Care is decentralizing, but data accountability still breaks down as patients move between acute, post-acute, and home-based settings, creating operational drag and real financial leakage. Build a 12–18 month plan to connect data, event alerts, and shared care planning across partners so every organization operates from the same patient story.

2) Make post-acute integration a strategic priority

Post-acute remains structurally weak for integration—yet it’s pivotal to VBC performance and avoidable utilization. Pick the top post-acute pathways (SNF, home health, hospice) and standardize the data package required for smooth handoffs and outcomes tracking. Then elevate that work as a joint payer-provider operating priority, not just another IT initiative.

3) Operationalize FHIR with governance and repeatable onboarding

FHIR may be “expected,” but adoption is uneven—especially around governance and repeatable vendor onboarding. Create a pragmatic FHIR playbook that defines minimum data sets, versioning rules, security posture, testing gates, and a templated onboarding that scales instead of restarting from zero with every new partner.

4) Put API economics on the CFO dashboard

As API usage grows, so does scrutiny of what each digital transaction actually costs and whether it supports value-based performance - placing it under CFO scrutiny. Track unit economics (cost per member per month, cost per transaction, cost per quality measure automated) and renegotiate where costs don’t map to value delivered.

5) Invest in platforms that turn messy data into defensible ROI

Leaders are favoring platforms that transform diverse clinical, claims, and social data into credible performance insights and measurable financial impact, not point solutions that generate more noise.
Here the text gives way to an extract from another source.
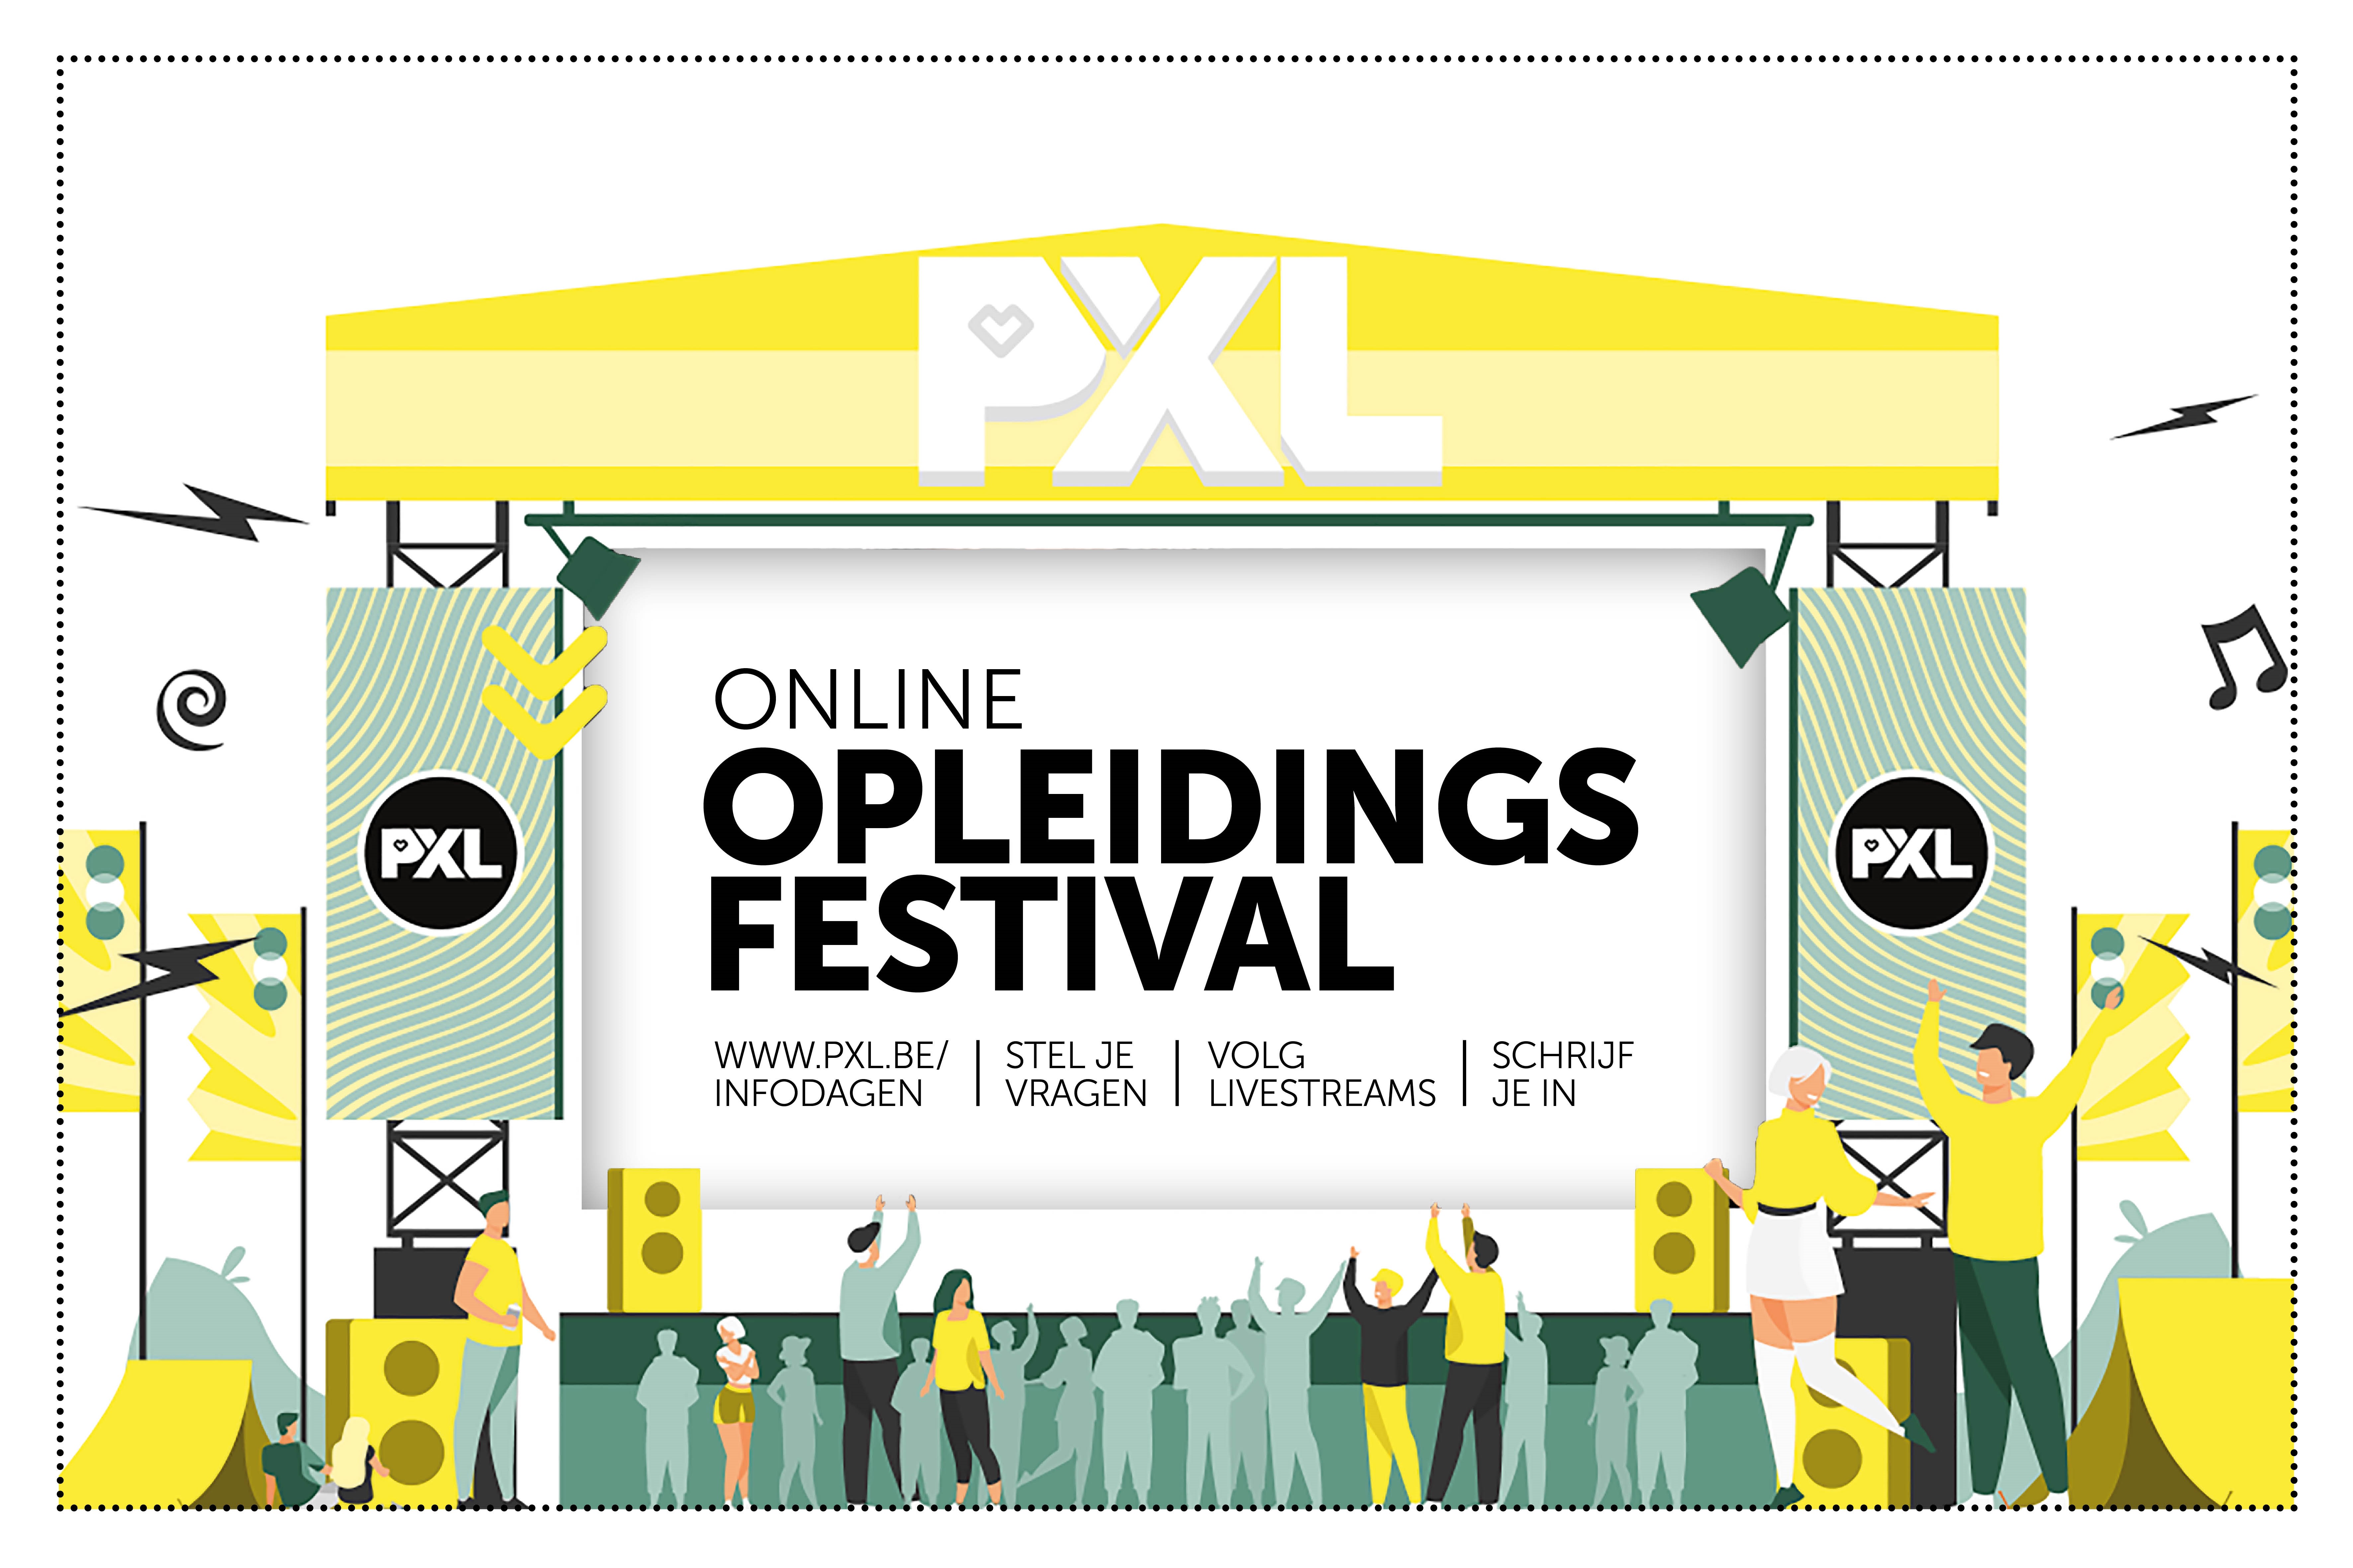 PXL organiseert een nieuw online opleidingsfestival (Hasselt) - Het ...

Moving forward, organizations will win with practical automation that is auditable, regulatory-ready, and embedded in standards-based infrastructure, expanded deliberately through pilots tied to measurable outcomes.

Bottom line: ViVE’s strongest signal wasn’t a new buzzword — it was a higher bar. Providers and payers are done buying “potential.” They’re building toward platforms, governance, and economics that prove impact in the metrics that matter.